The U.S. Department of Justice’s Civil Rights Division sued the University of California system on Tuesday over allegations that its largest campus didn’t do enough to quell workplace antisemitism.
In its complaint, the DOJ accused the University of California, Los Angeles of failing to properly investigate what the agency said were dozens of civil rights complaints filed by Jewish and Israeli employees since Oct. 7, 2023, when a Hamas attack on Israel erupted into a yearslong war.
UCLA did not immediately reply to a request for comment Tuesday.
Much of the complaint centers around pro-Palestinian protests in late 2023 and early 2024, and it heavily cites an October 2024 report produced by UCLA’s antisemitism taskforce.
The DOJ’s complaint made dozens of references to a spring 2024 encampment on UCLA's campus that university leaders allowed for roughly a week out of free speech concerns before calling in the police to disband it.
The agency also accused UCLA of retaliating against employees who filed antisemitism complaints with the U.S. Equal Employment Opportunity Commission.

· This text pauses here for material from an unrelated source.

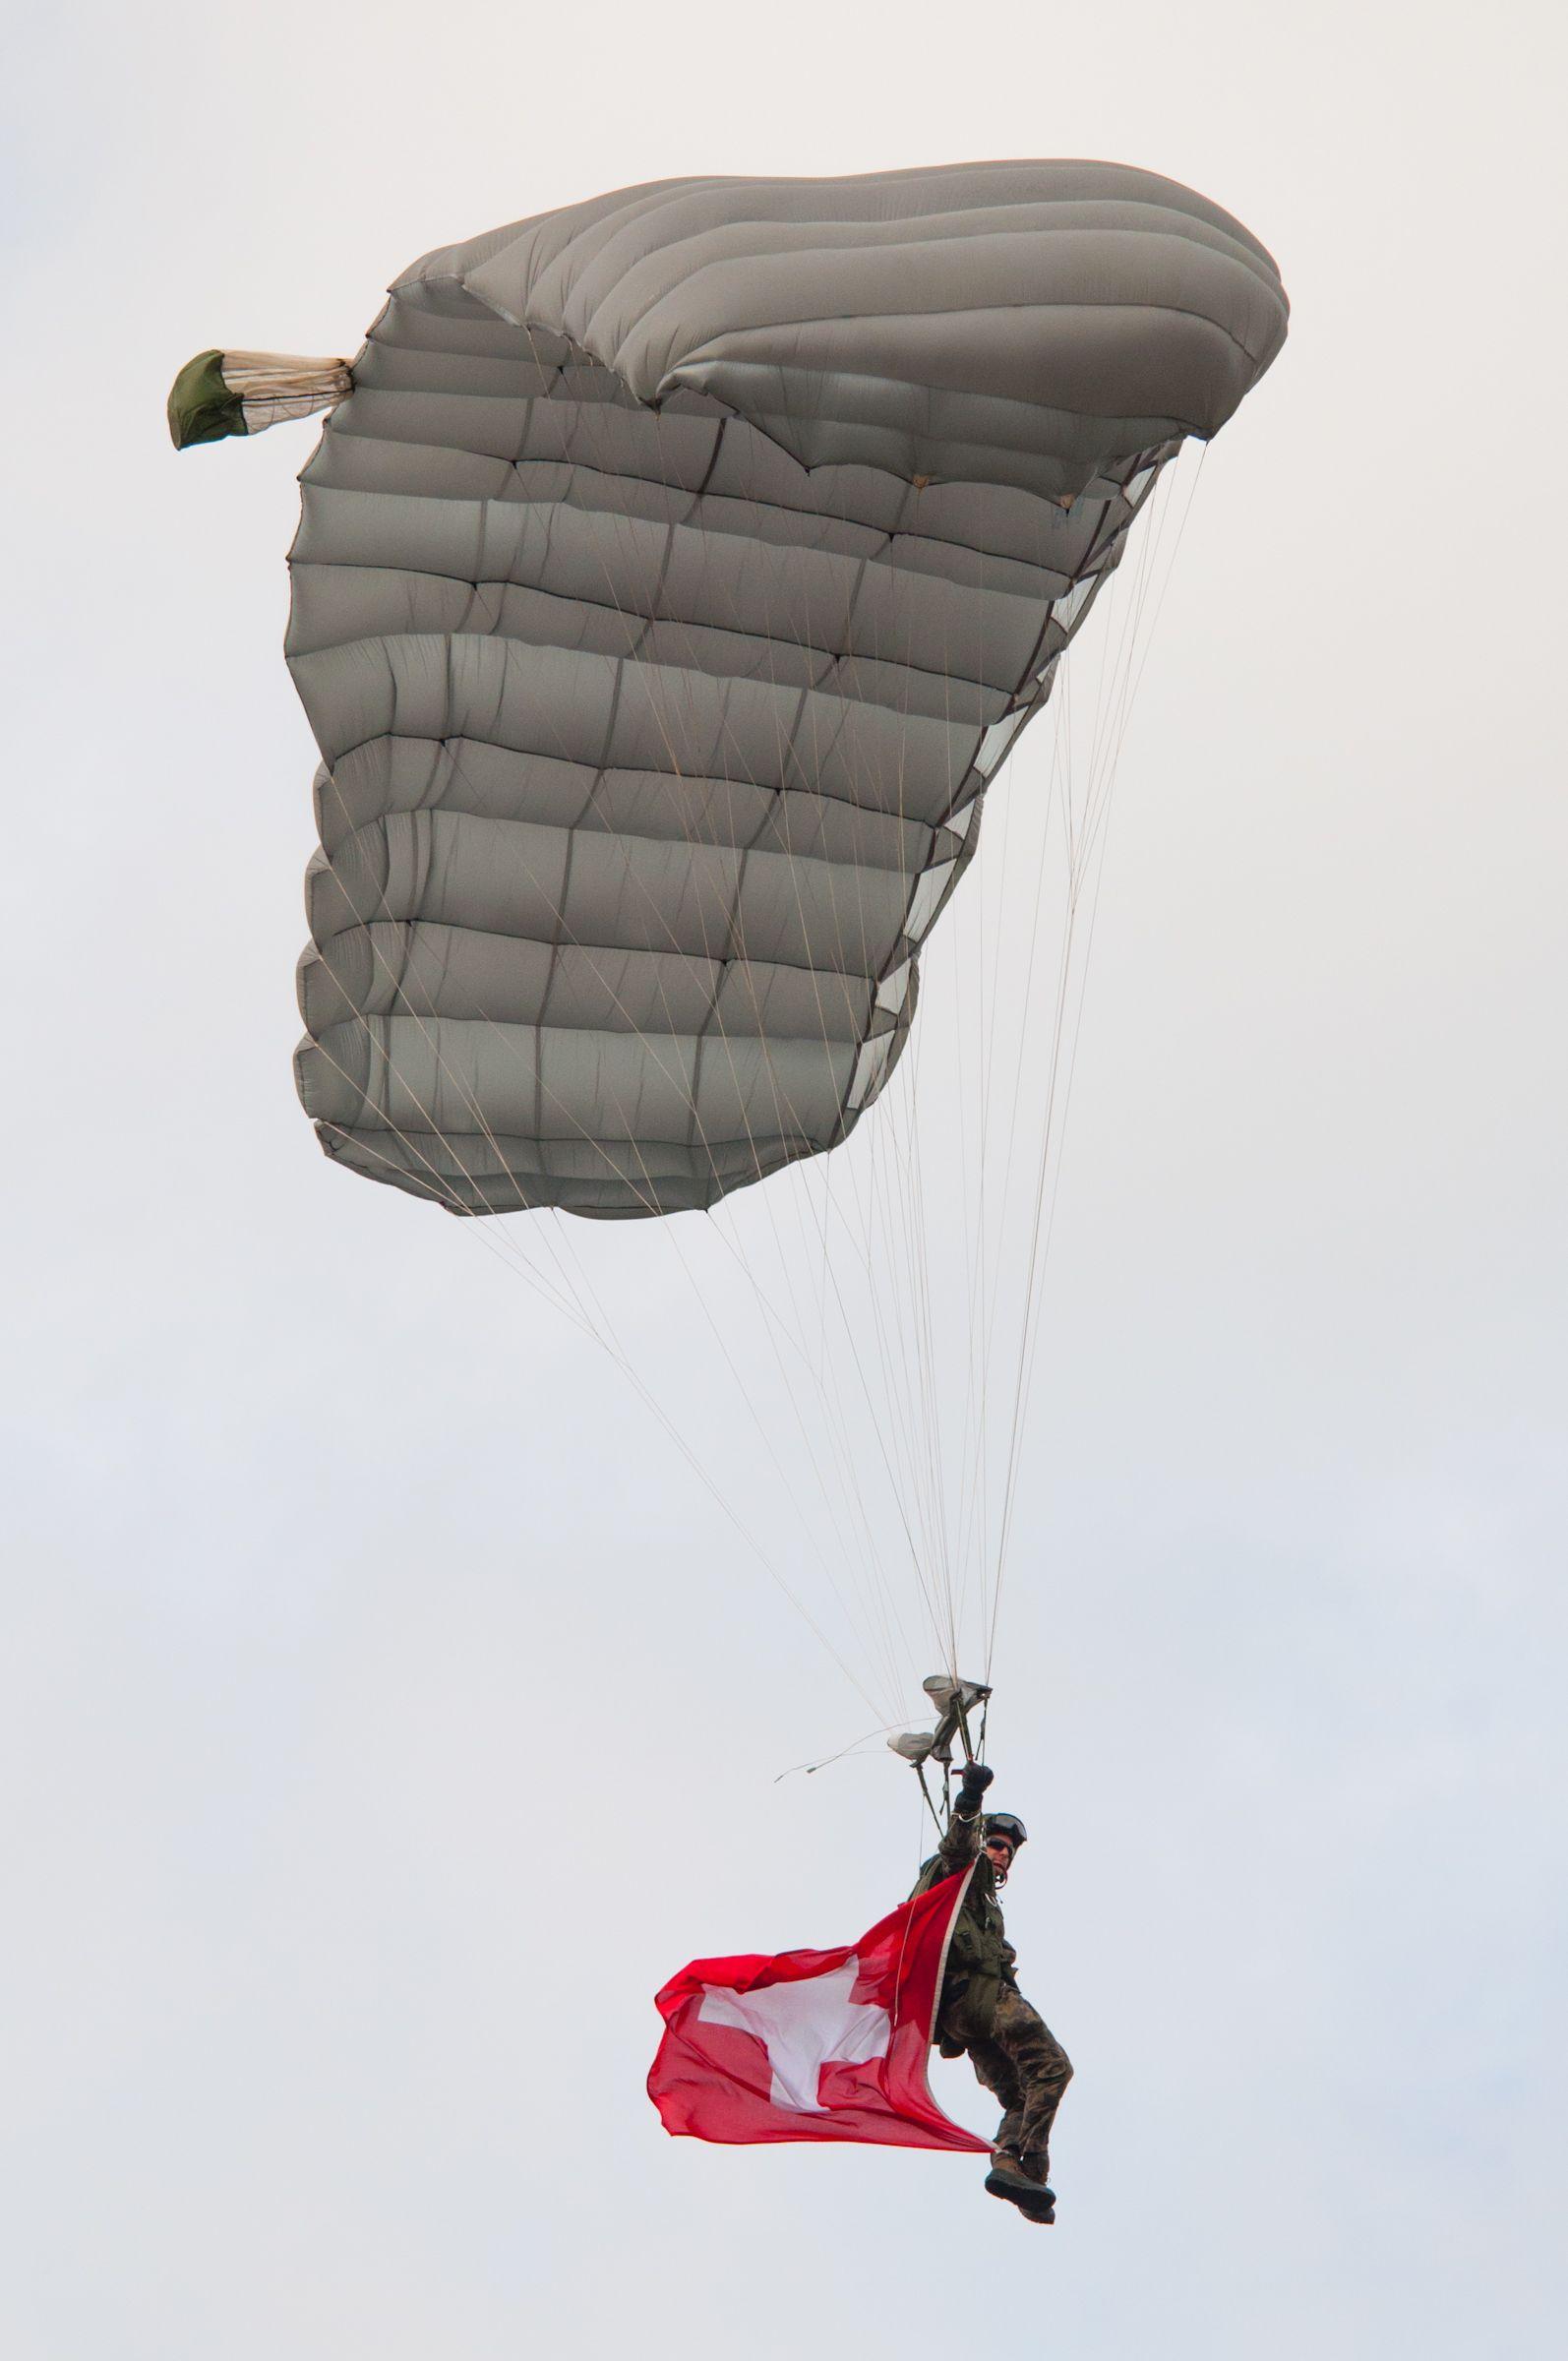 Air force live fire event Axalp 2012 - 10-11 Oct 2012 - Pagina 2 000194l

“Based on our investigation, UCLA administrators allegedly allowed virulent anti-Semitism to flourish on campus, harming students and staff alike,” U.S. Attorney General Pamela Bondi said in a Tuesday statement.
However, Democratic lawmakers and some Jewish groups have accused the Trump administration of weaponizing antisemitism allegations against colleges as a means of exerting control over the higher ed sector.
Thursday's lawsuit is the latest attack from the Trump administration against UCLA and the UC system.The federal government froze $584 million of UCLA’s research funding over allegations it violated civil rights law by failing to protect Jewish students from harassment.
In November, a federal judge ruled that the freeze — and the Trump administration’s corresponding effort to wrest a $1.2 billion penalty from UC — was unconstitutional and illegally ignored existing procedures for enforcing civil rights law. Earlier this month, the administration dropped an appeal of the ruling.
The DOJ also opened a separate investigation into the UC system in June over a plan to hire diverse faculty members, alleging it may have violated federal antidiscrimination law.